Of course I wanted to learn more about Joubert, and so I followed the progress of his case through the courts. He initially pleaded not guilty, despite having given a confession, then revised that plea and pleaded guilty; a three-judge panel gathered psychiatric and other reports, judged that he had been well aware of the nature of right and wrong at the time of the murders, and sentenced him to die in the electric chair. Various appeals resulted in a prolonged stay on death row.

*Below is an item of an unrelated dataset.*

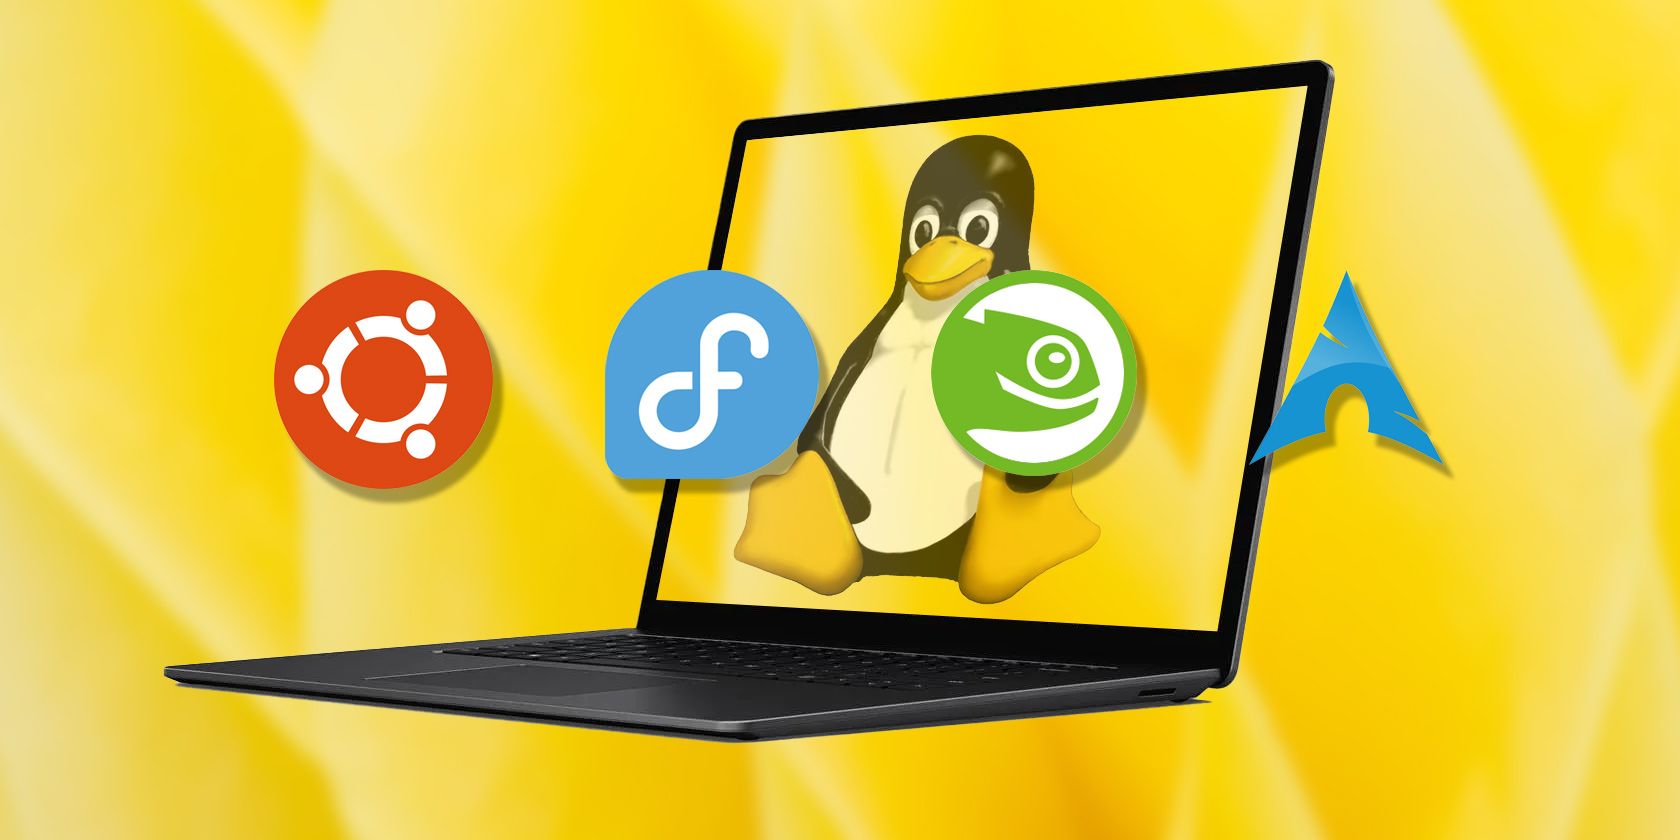 Linux distros logos

Joubert’s background was traced quite carefully, and while most of it seemed quite ordinary on the surface, a buildup toward murder that had begun when Joubert was extremely young was evident. He was born in Massachusetts and grew up in Portland, Maine. One of the first fantasies he remembered was at age six or seven, of coming up behind his baby-sitter, strangling her, and then eating her until she disappeared. Such a strange and violent fantasy at that age was unusual, and provocative. Joubert had remembered and improved on it from then on, all during his childhood and adolescence, and up to and through the time of his murders. His mother had been a hospital worker and his father a counterman and waiter in a restaurant. They had separat
ed because of marital difficulties at almost the same time as this first violent fantasy occurred to Joubert. They divorced when he was ten, and Joubert and his mother moved to Maine. He later told one psychiatrist, whose report was submitted to the court, that his mother had a short temper and would blow up and break things; he’d retreat to his room until the tantrum stopped and she came in and apologized, as she usually did. He also reported that his mother had belittled him and made him feel as if he was not a worthwhile person. She continued to spank him until he was twelve, and had frequently disapproved of his open masturbation. His fantasies began with young women as their object, and then switched to young boys, adolescents in undershorts. Joubert did not know any longer whether the thoughts of strangling and stabbing these boys brought on the masturbation or whether the masturbation brought on the thoughts.
During his preteen years, Joubert became a pawn in the battle between his mother and father, as the latter tried to obtain custody of him but failed. To see his father during the summers, Joubert sometimes bicycled more than a hundred miles on his own, and had also made a similar trip to see an uncle. To avoid going to a public high school that he thought too dangerous, Joubert took on a newspaper delivery route and used his earnings from it to pay the tuition at a Catholic high school, for which his mother would not or could not pay. He was tormented at the Catholic high school, he reported, because people thought he might be a homosexual. He took a girl to the senior prom—his only date during those years—to avoid being labeled as gay. He was on the track and cross-country teams. He was an avid Boy Scout, even delayed getting his final Eagle Scout badge for some time in order to continue on in the program as long as possible. In his yearbook, he wrote, “Life is a highway with many roads branching off—don’t get lost.”